On September 11, 2001, the United States suffered the worst terrorist attack in its history. From the Pentagon and the World Trade Center to a field outside of Shanksville, Pennsylvania, the attacks claimed 3,400 lives. The events of that day also ushered in a new era in U.S. foreign policy—an era that would result in thousands more U.S. deaths for decades to come.
Less than a month after the September 11 attacks, the war on terror began when US and NATO allies launched military strikes in Afghanistan. Then, in 2003, the war on terror escalated further when the US launched an invasion of Iraq.
Although the ongoing war on terror achieved several goals, including the assassination of al-Qaeda leader Osama Bin Laden and regime change in Iraq, the results came at a heavy price.

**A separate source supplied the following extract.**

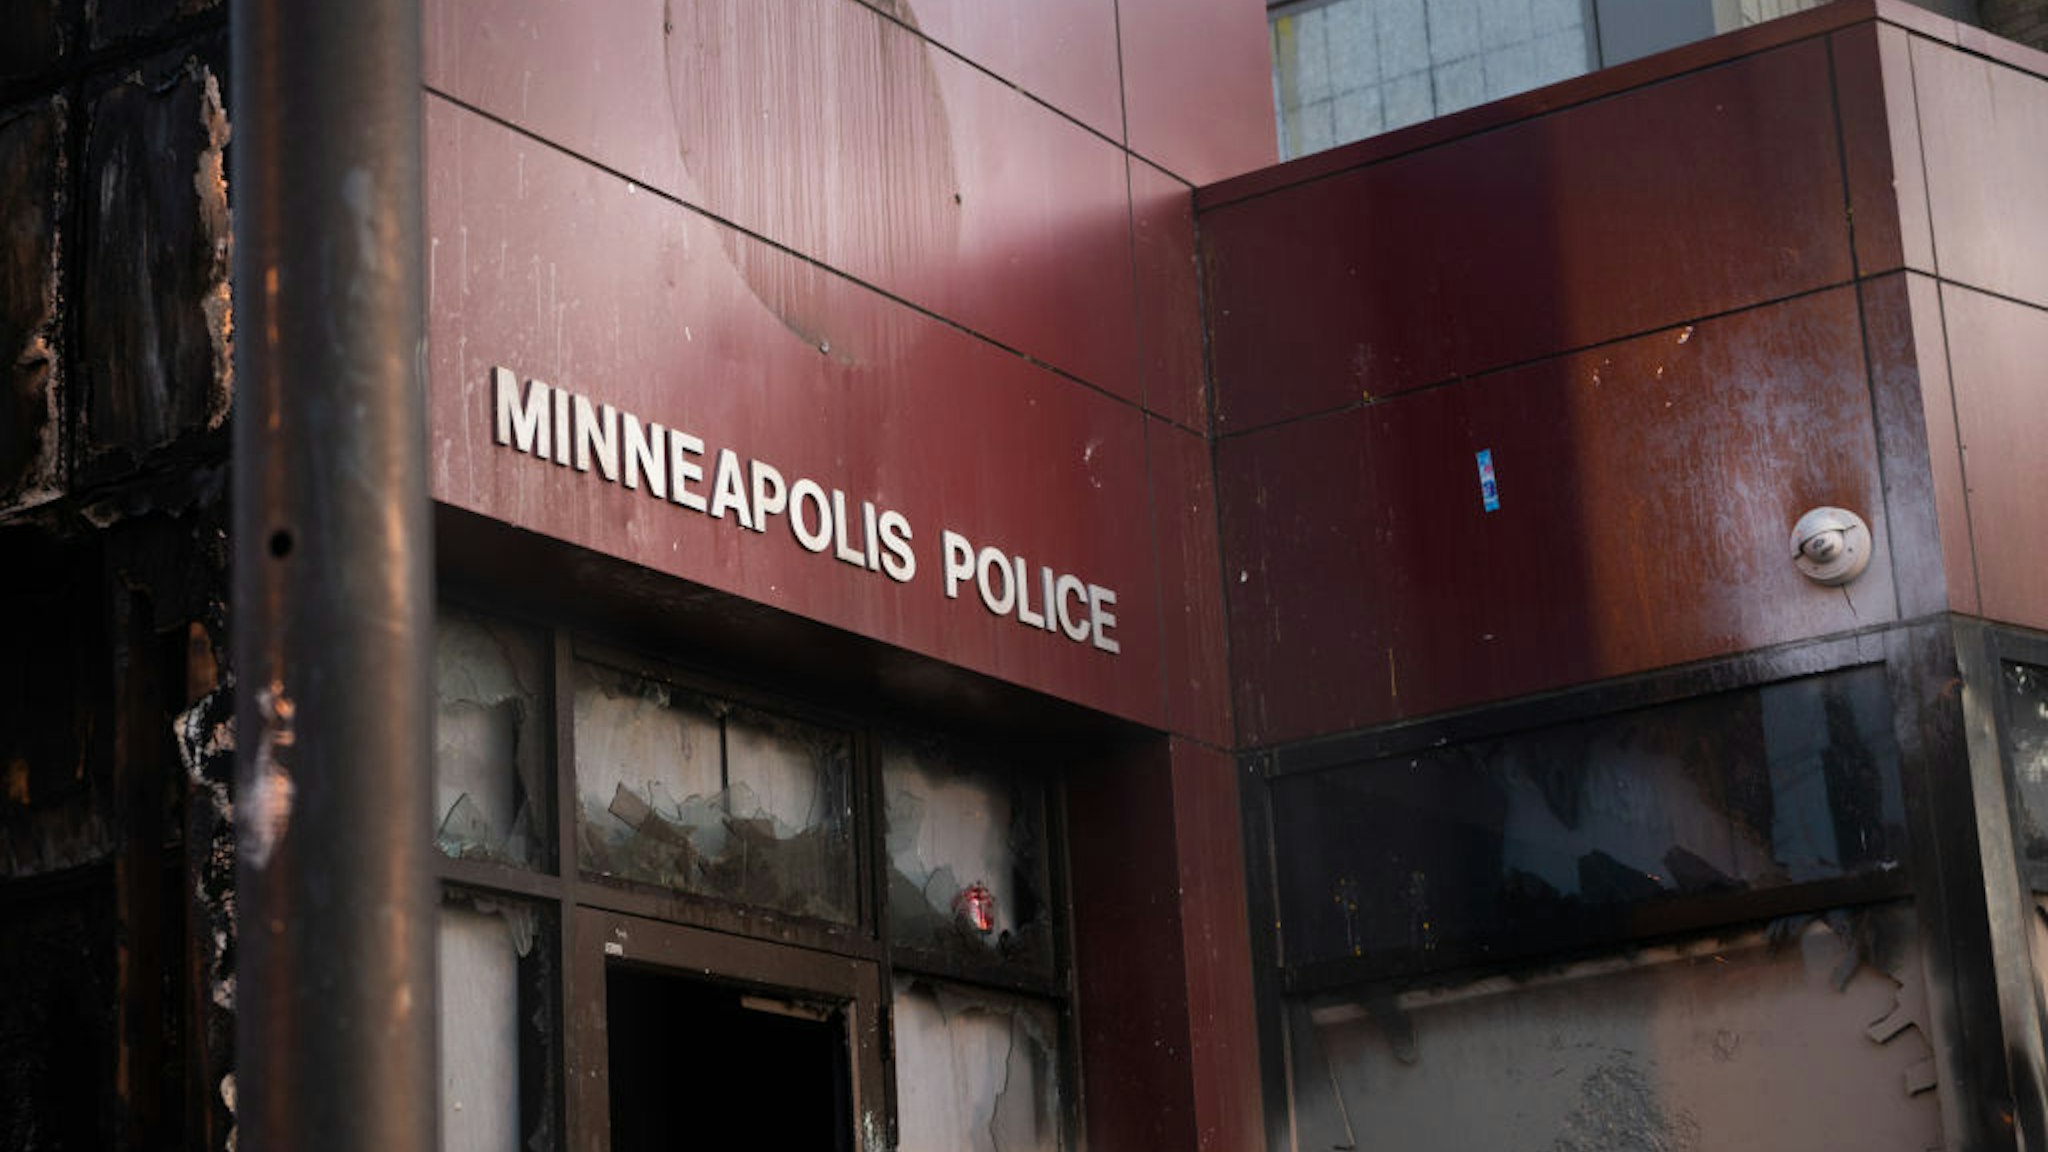 The 3rd Precinct Police Station was abandoned by police and protestors took destroying it and raiding it after one of Minneapolis' police officers killed an African-American man named George Floyd in Minneapolis, United States, on May 29, 2020. Protests continued following the death of George Floyd, who died after being restrained by Minneapolis police officers on Memorial Day. (Photo by Zach D Roberts/NurPhoto via Getty Images)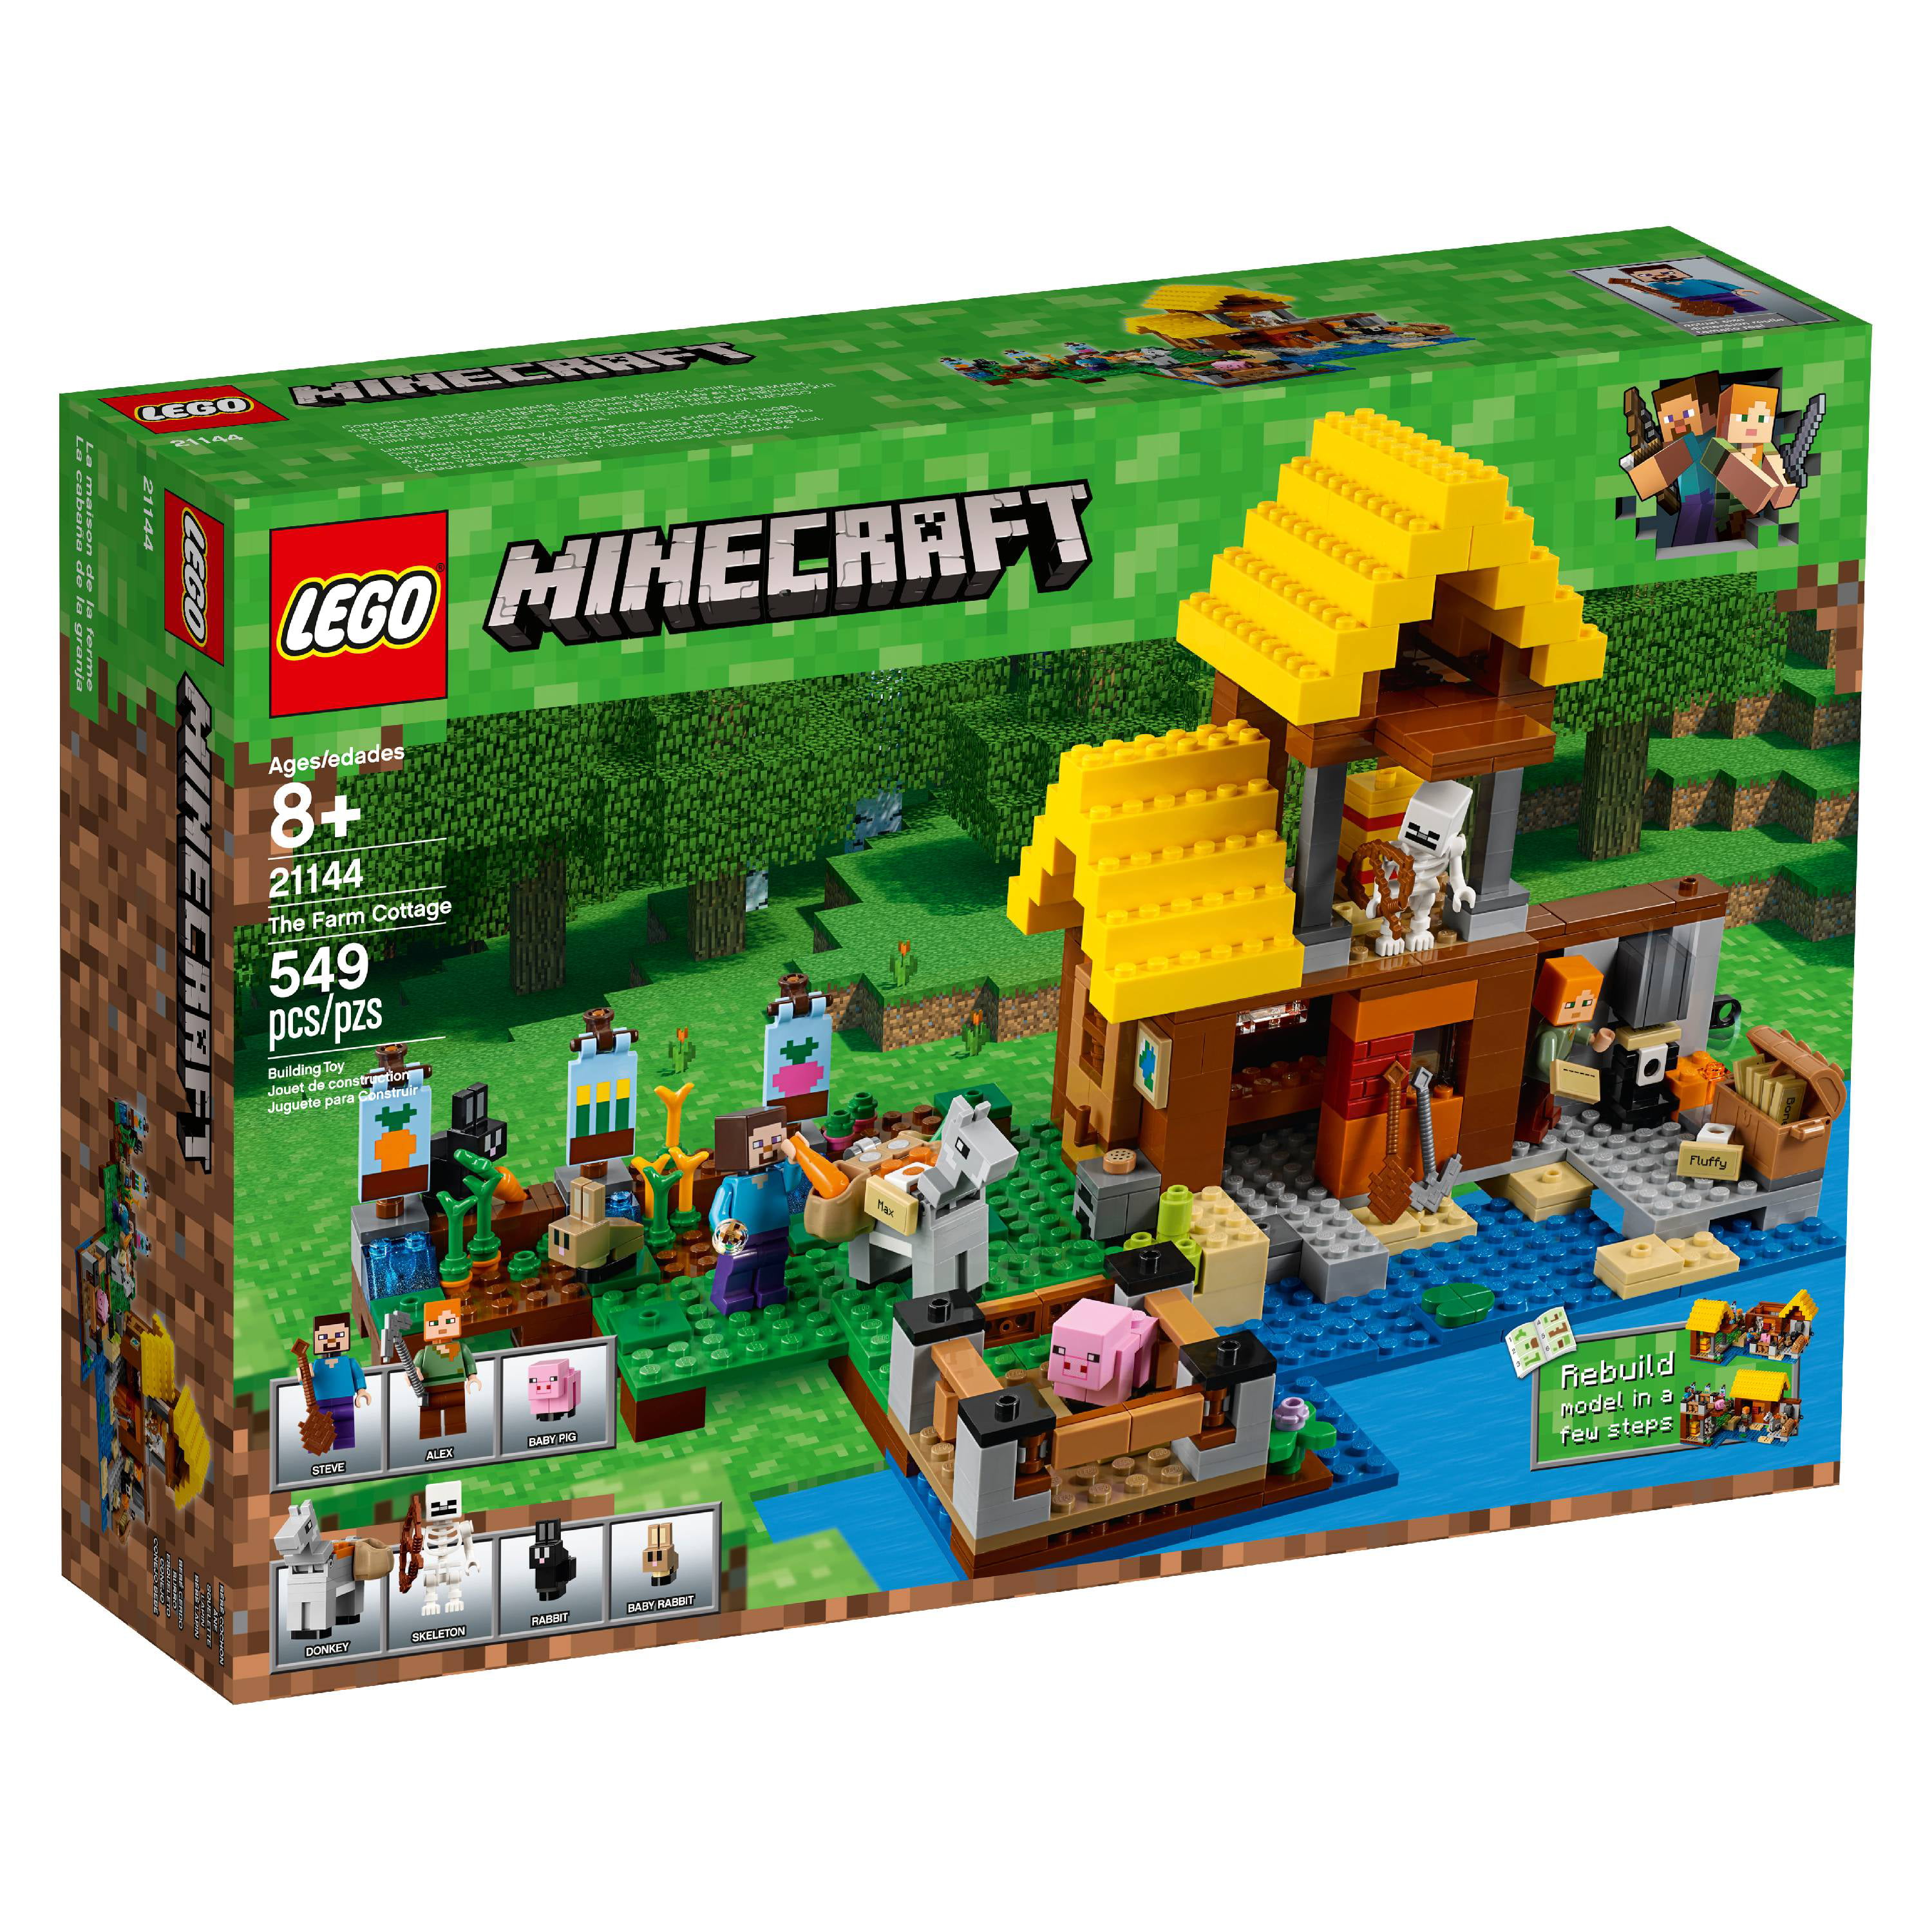 New Lego Minecraft STICKER SHEET ONLY for Lego set 21144 The Farm Cottage

Since the first American was killed in Afghanistan in October 2001, nearly 6,900 Americans – serving in military, intelligence and civilian capacities – from all 50 countries have died in the wars in Iraq and Afghanistan.
According to reports, 40 New Hampshire people died in the wars in Iraq and Afghanistan over the past two decades, accounting for 0.6% of all deaths in the 50 states. Of these deaths, 23 were related to the war in Iraq and the remaining 17 to the war in Afghanistan. Not all those reported killed in these wars died in combat situations. Some of the deaths listed were caused by accidents such as plane crashes, as well as friendly fires, disease, and suicide.
New Hampshire is home to 17,199 veterans who served in the post-9/11 era, according to estimates from the US Census Bureau’s 2021 American Community Survey.
All death dates in this story were compiled by iCasualties, a website that tracks the death toll in the post-9/11 wars.